Data Quality tab
When you open a source, the Data Quality tab shows fifteen counters that record what the pipeline dropped, deduplicated, or merged on its way from your file to the knowledge graph. The counters live alongside the Quality Analysis grade — but they answer a different question.
- The quality grade asks "how good is the graph this source produced?"
- The Data Quality tab asks "what did the pipeline silently drop on the way to the graph?"
If the grade looks low, the counters often tell you why.
What is the Data Quality tab?
Every stage of the pipeline — loading, cleaning, chunking, the LLM extraction, post-processing, and commit — has at least one place where content gets removed for a defensible reason: a duplicate paragraph, a chunk full of boilerplate, an LLM stream that ran into a loop, an invalid relationship referencing a non-existent entity. Pre-May 2026 those drops happened silently. Now each one increments a typed counter on the source row.

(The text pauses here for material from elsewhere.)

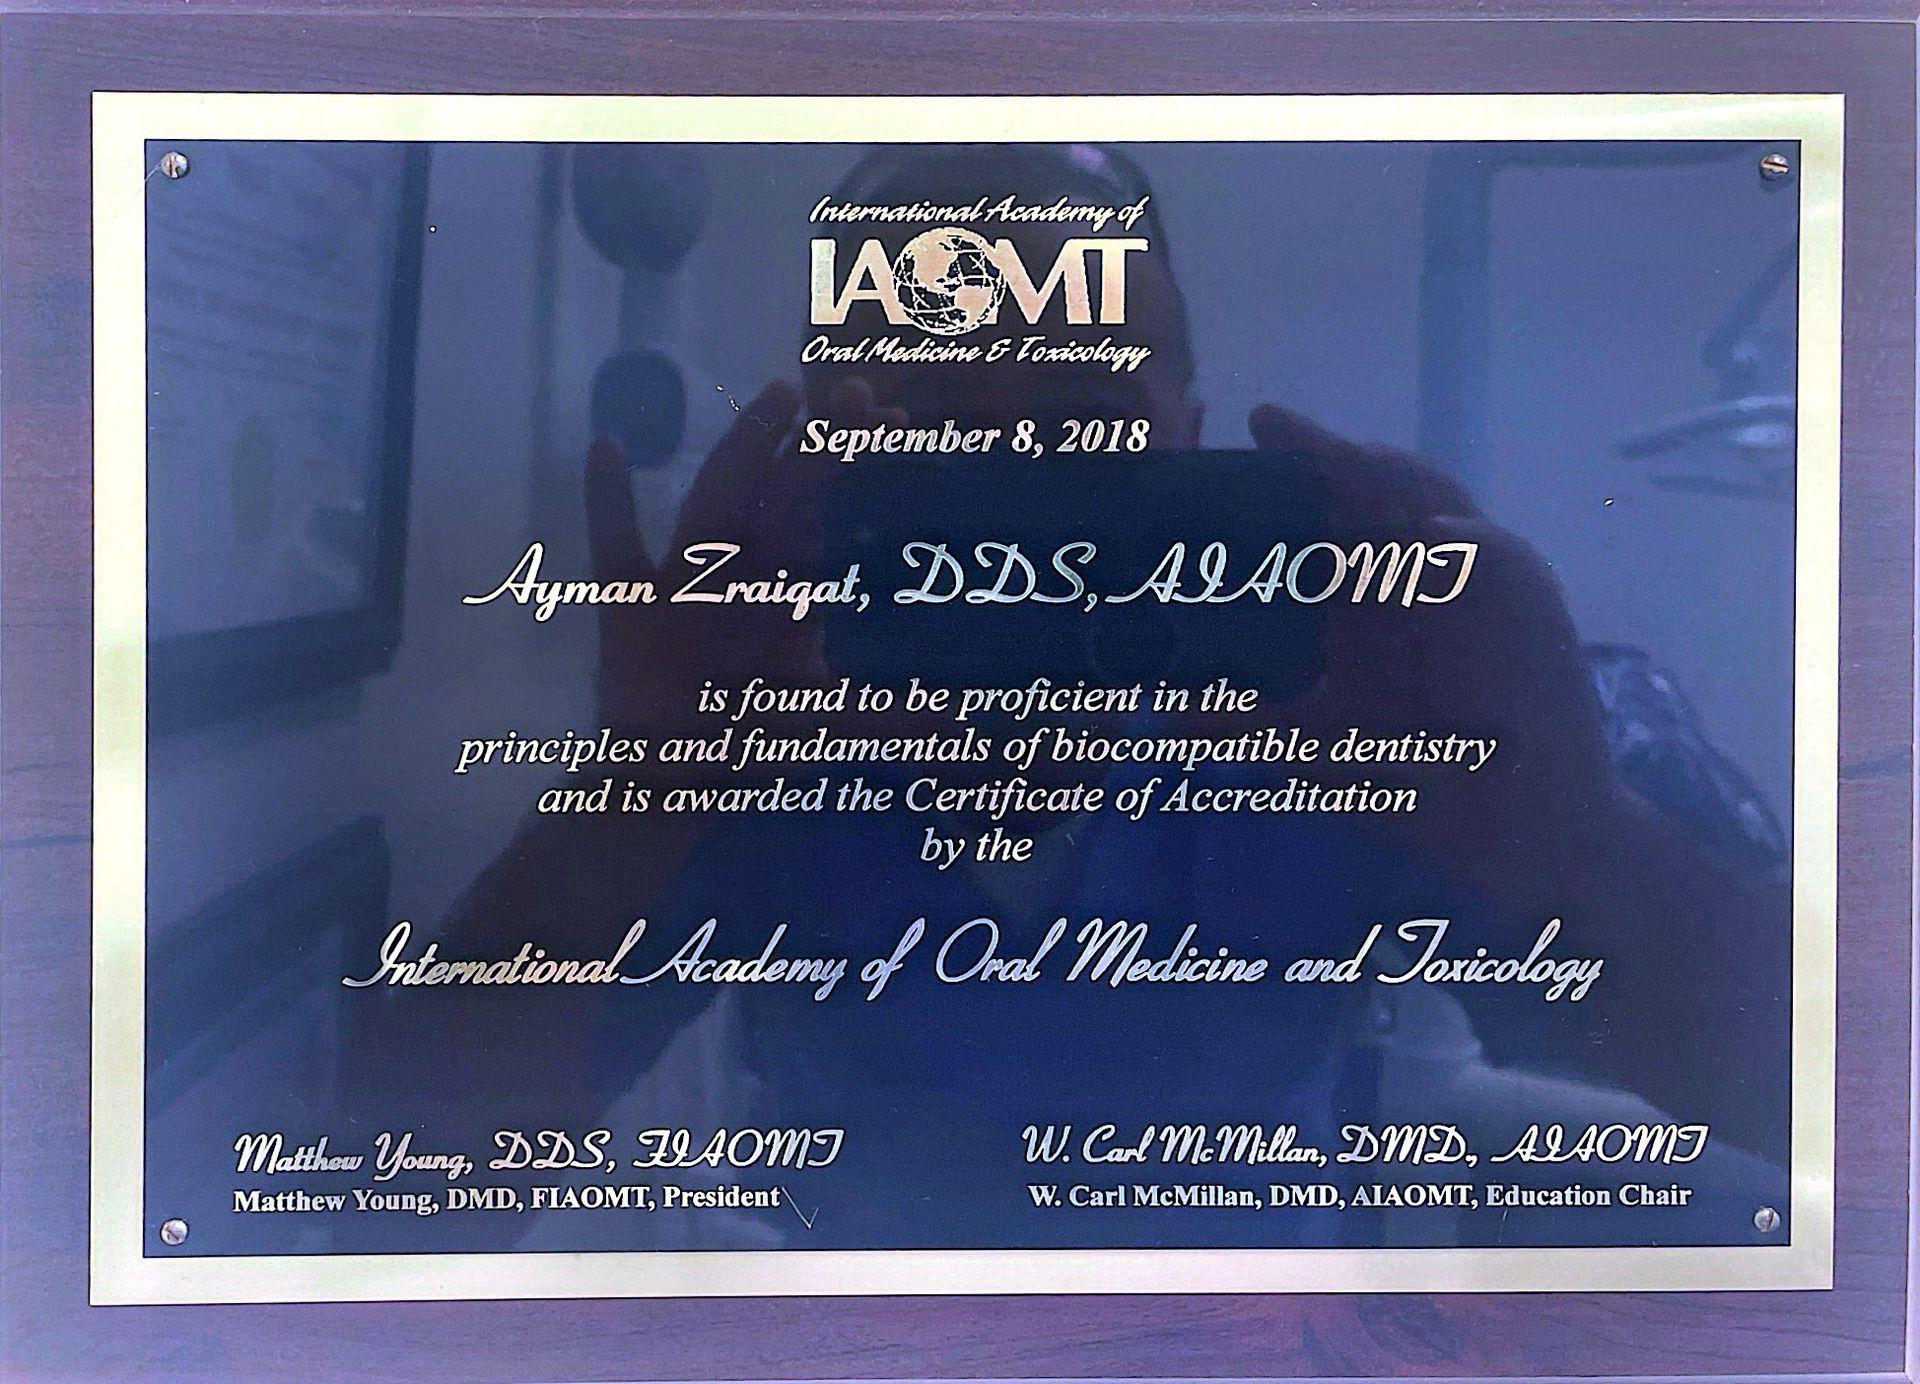 A plaque certifying Ayman Zraigat, DDS, ALAOMT, for proficiency in biocompatible dentistry, awarded by the IAOMT.

The counters are best-effort: if a counter increment fails (database write contention, for example) the pipeline keeps going. They exist for visibility, never for control flow.
The fifteen counters
| Counter | What it measures | Stage |
|---|---|---|
loader_warnings_count | Non-fatal loader hiccups (one bad JSONL line, an undecodable archive member, a worksheet that couldn't be read). The file still loaded, but you should know something was off. | Loading |
loader_files_skipped | For archives only — how many entries the archive loader skipped (unsupported extensions, oversized files, security violations). | Loading |
cleaner_lines_removed | Gibberish lines, page numbers, repeated headers / footers dropped by the OCR cleaner. | Normalization |
cleaner_paragraphs_deduplicated | Duplicate paragraphs collapsed by the cleaner — common in two-column PDFs where OCR sees the same text twice. | Normalization |
cleaner_chars_removed | Net character delta from text cleaning (encoding fixes, control-character removal, whitespace collapse). | Normalization |
chunks_filtered_count | Chunks that were merged into a neighbor (coalesced) by the chunker because they fell below min_chunk_size. The content still reaches extraction — it's just folded into an adjacent chunk so the LLM sees larger, more contextful units. The column name predates the behaviour change; it counts merges, not drops. | Chunking |
llm_chunks_truncated | Chunks where the LLM hit its token cap and the response was cut off mid-output. Some content was extracted; some was lost. | LLM extraction |
llm_chunks_aborted_by_loop | Chunks where the streaming loop detector aborted the LLM mid-response (degenerate repetition, out-of-bounds indices, runaway entity counts). | LLM extraction |
parser_lines_dropped | Malformed E|/R|/P| lines the parser couldn't make sense of (missing fields, out-of-bounds indices, bad numeric values). | LLM extraction |
dedup_entities_merged | Entities collapsed into another entity by exact-name or semantic deduplication. The merge keeps the highest-confidence record and combines aliases / properties. | Post-extraction |
structural_entities_filtered | Entities representing document structure (chapters, sections, page headers) removed by the structural filter. Configured per-domain. | Post-extraction |
orphan_entities_filtered | Entities that survived deduplication but had zero relationships, dropped at commit time when orphan filtering is enabled. | Commit |
relationships_dropped_invalid | Relationships pointing at non-existent entity indices (catches LLM index-skew). These would crash the graph if committed. | Post-extraction / Commit |
relationships_dropped_capped | Relationships dropped because they exceeded the per-entity degree cap, the same-source-type cap, or the total-ratio cap from the active filtering mode. | Post-extraction |
citations_skipped_no_chunk_index | Citations skipped at commit because the underlying entity / relationship had no chunk index to point at. | Commit |
In addition to the fifteen counters, the tab surfaces three companion fields:
loader_encoding_used— which encoding the loader actually used for this file (utf-8,cp1252,latin-1-fallback, etc.). Useful when you're staring at mojibake on the source detail page.vector_indexed_at— when the vector indexing call succeeded, ornullif it hasn't.vector_indexing_status—pending,indexed,degraded, orfailed. See Search Status.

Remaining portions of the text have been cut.